- _Required work_
Each entry below should be restated word for word, without any picture it contains.

Dataset records:
● ● ● ●
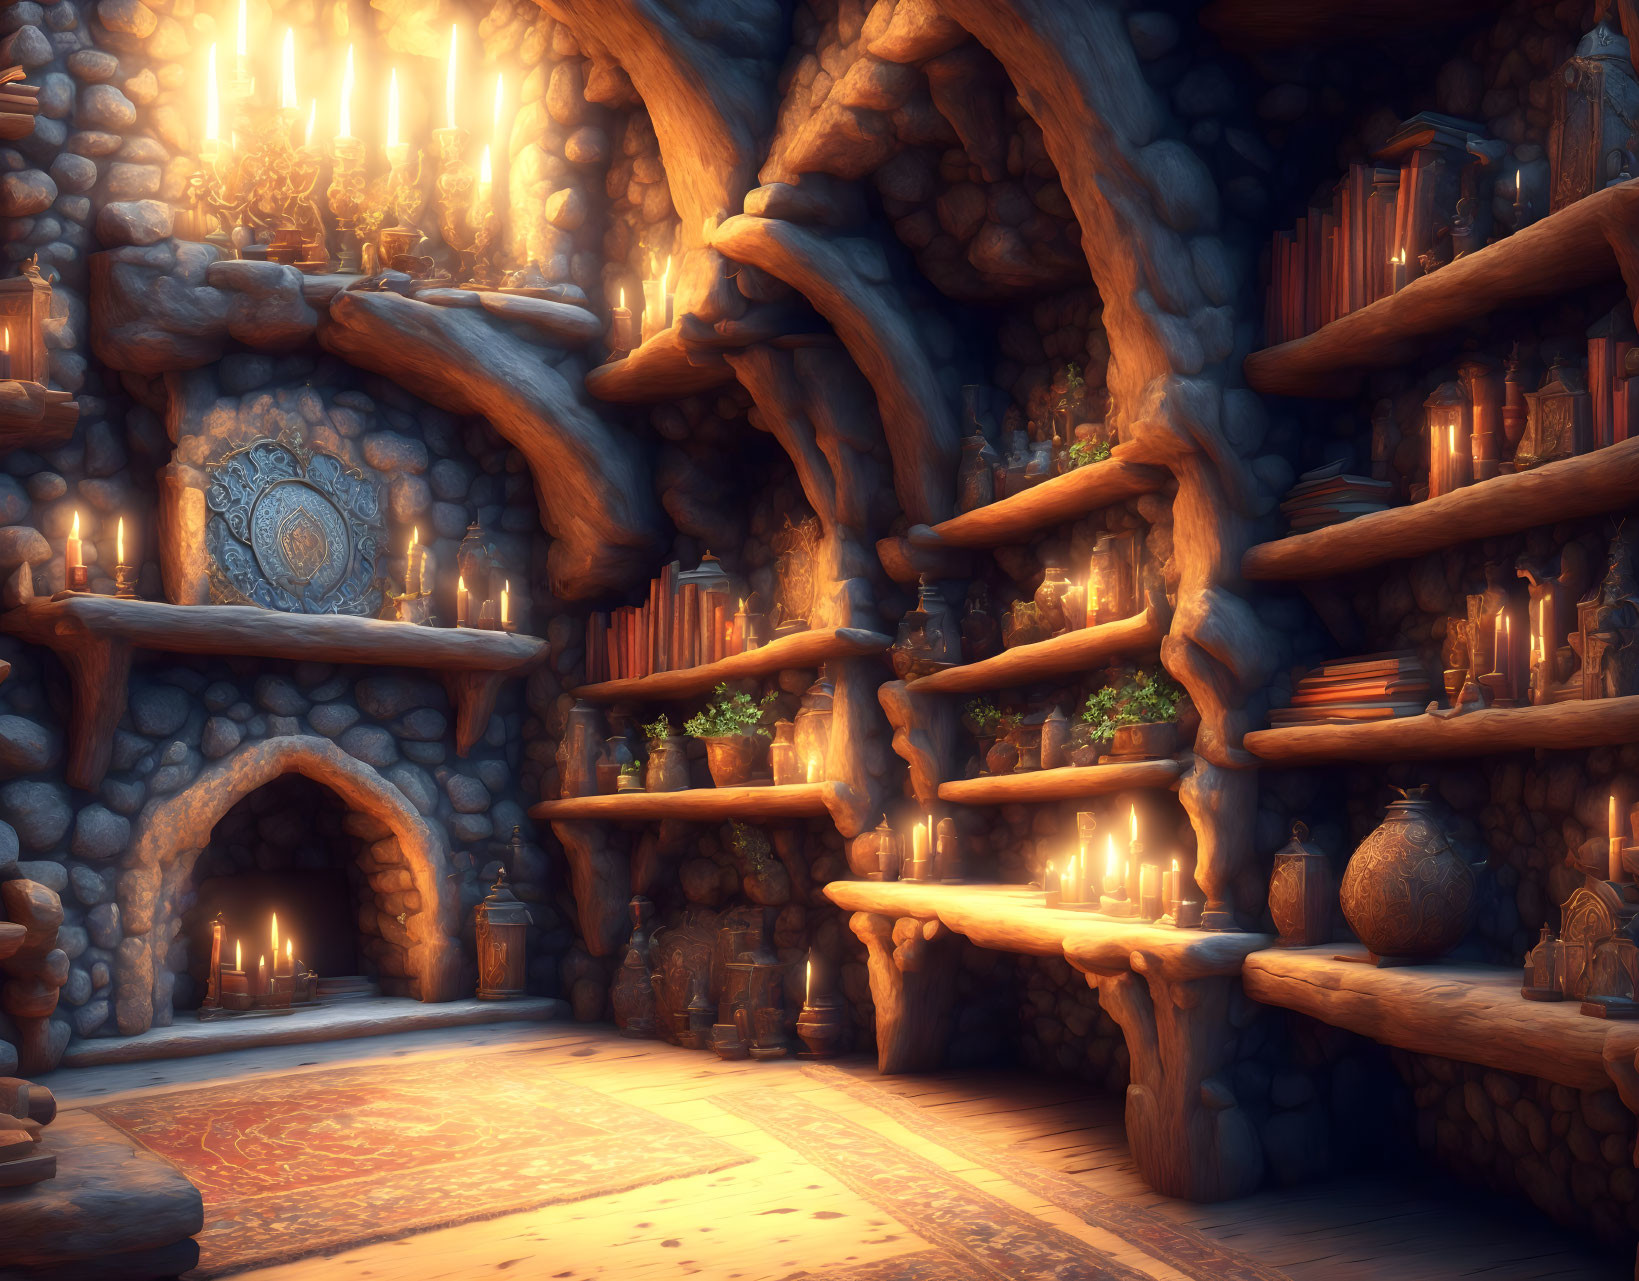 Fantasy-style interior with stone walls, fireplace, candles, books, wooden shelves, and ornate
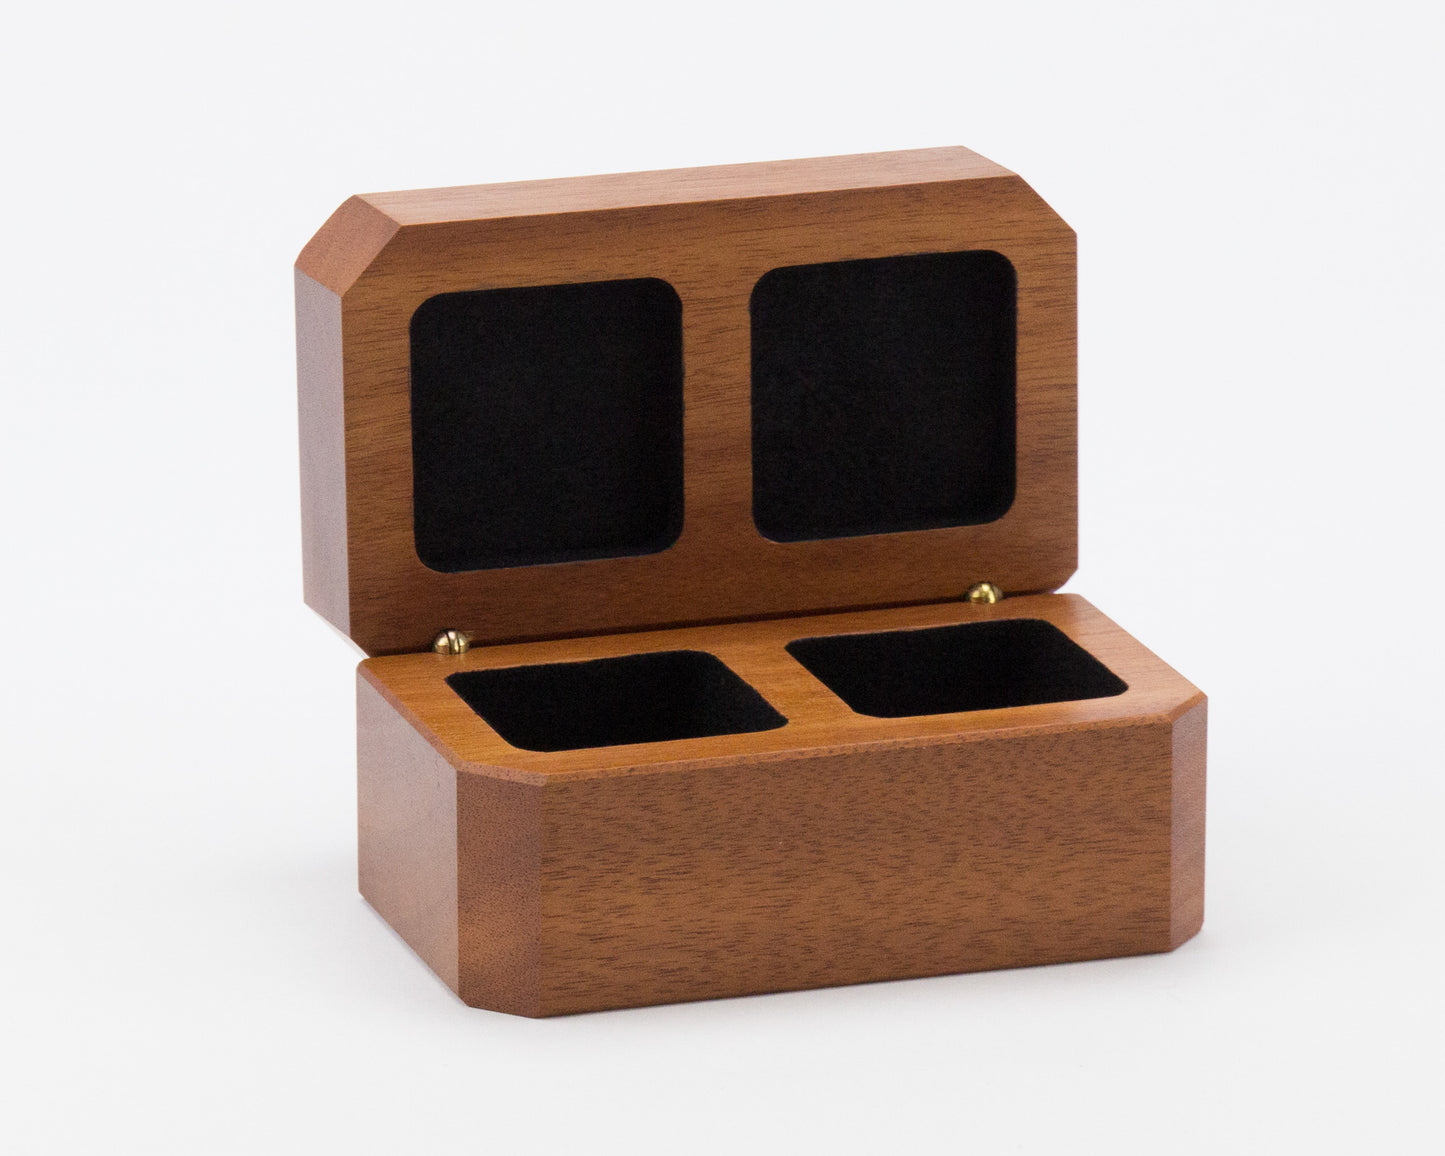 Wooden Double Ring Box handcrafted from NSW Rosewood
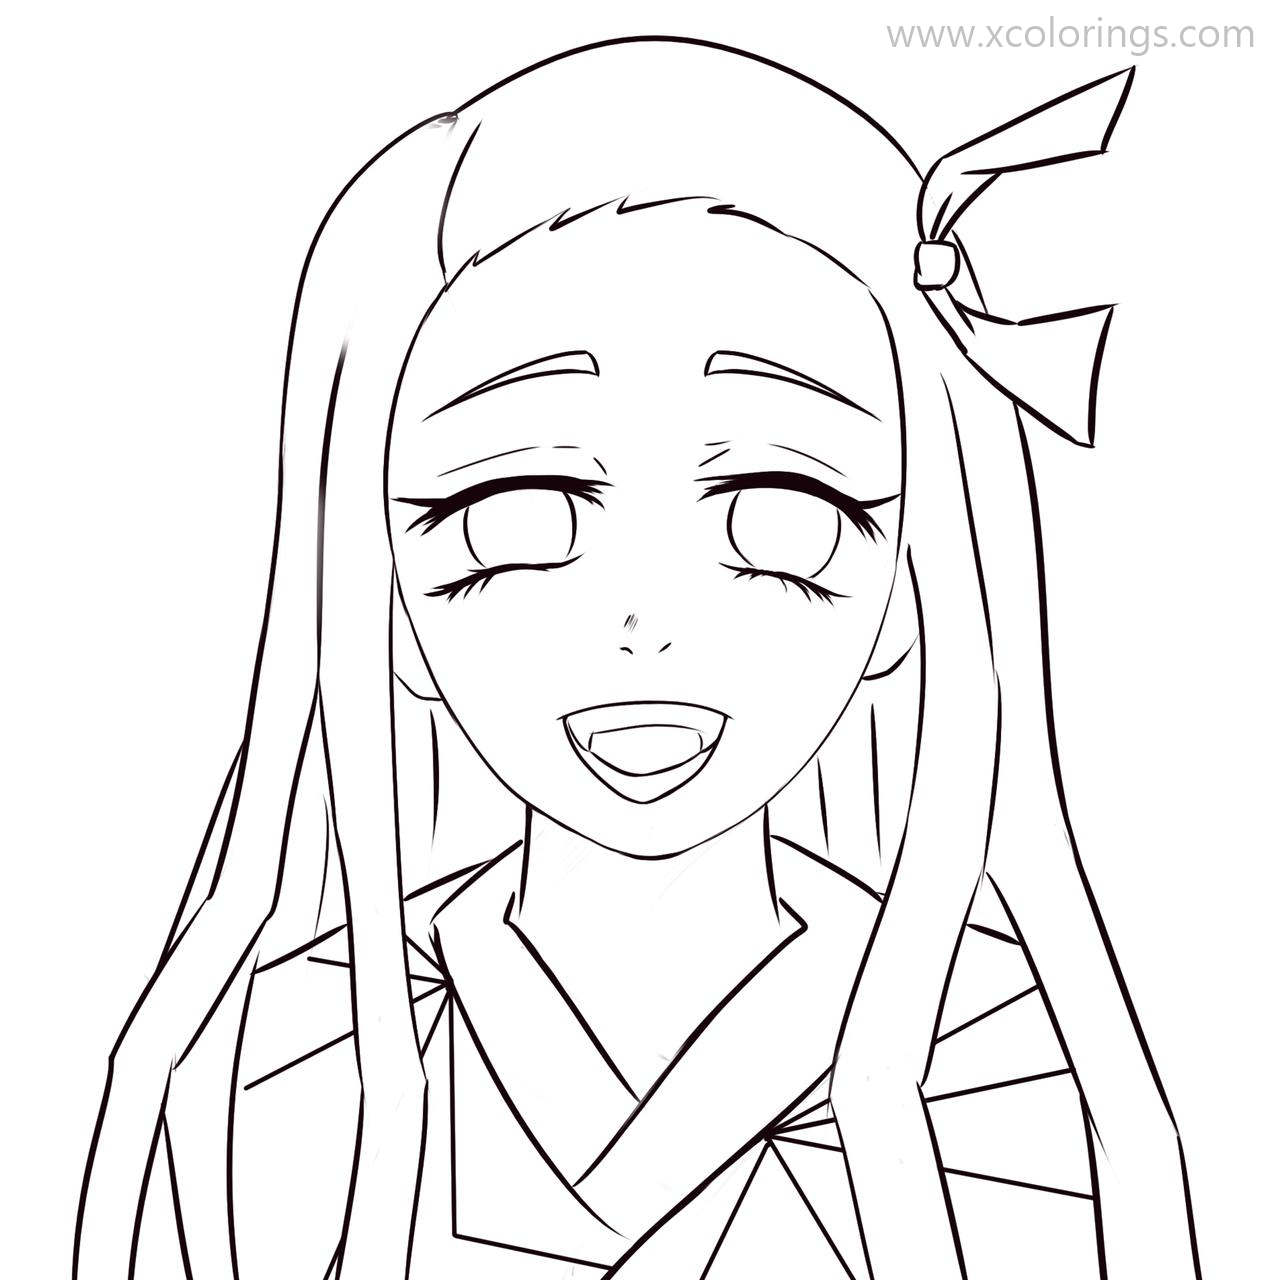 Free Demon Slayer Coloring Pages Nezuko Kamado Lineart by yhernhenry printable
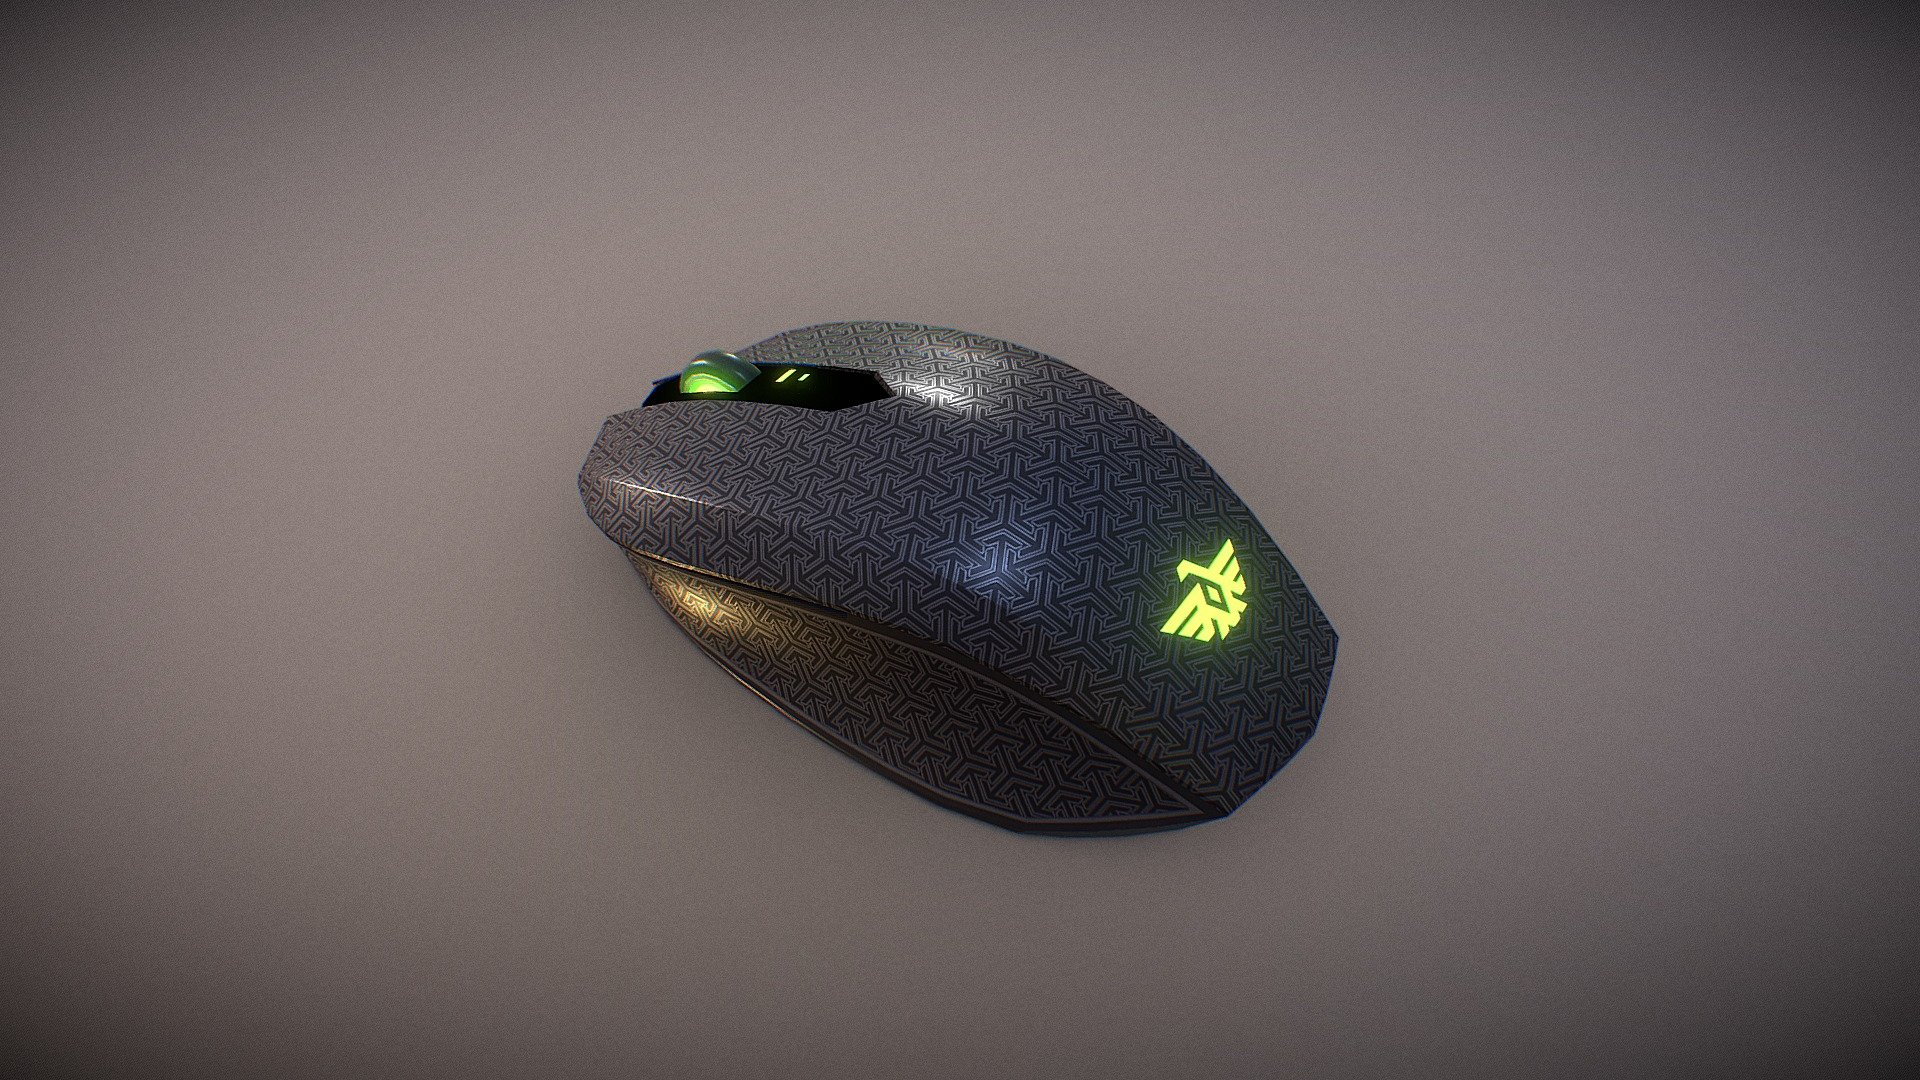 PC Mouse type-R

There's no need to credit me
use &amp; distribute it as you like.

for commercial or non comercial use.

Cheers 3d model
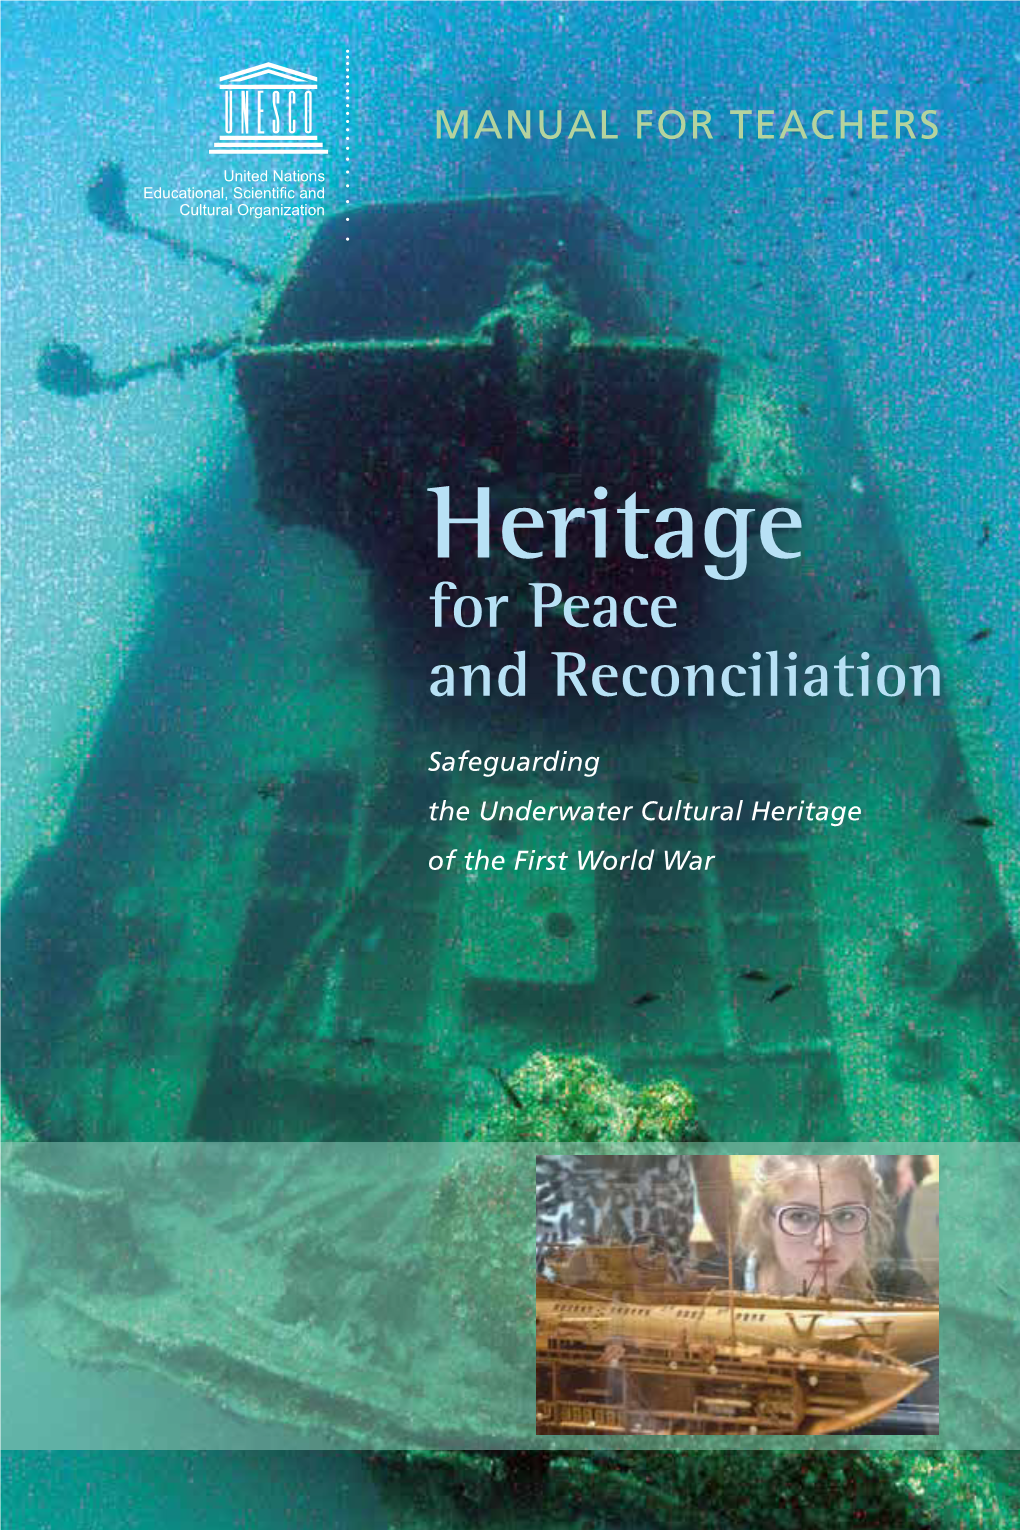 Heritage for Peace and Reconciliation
● ● ● ●
- _Answer to this task_
 Fantasy-style interior with stone walls, fireplace, candles, books, wooden shelves, and ornate
 Wooden Double Ring Box handcrafted from NSW Rosewood
 Free Demon Slayer Coloring Pages Nezuko Kamado Lineart by yhernhenry printable
 PC Mouse type-R

There's no need to credit me
use &amp; distribute it as you like.

for commercial or non comercial use.

Cheers 3d model
 Heritage for Peace and Reconciliation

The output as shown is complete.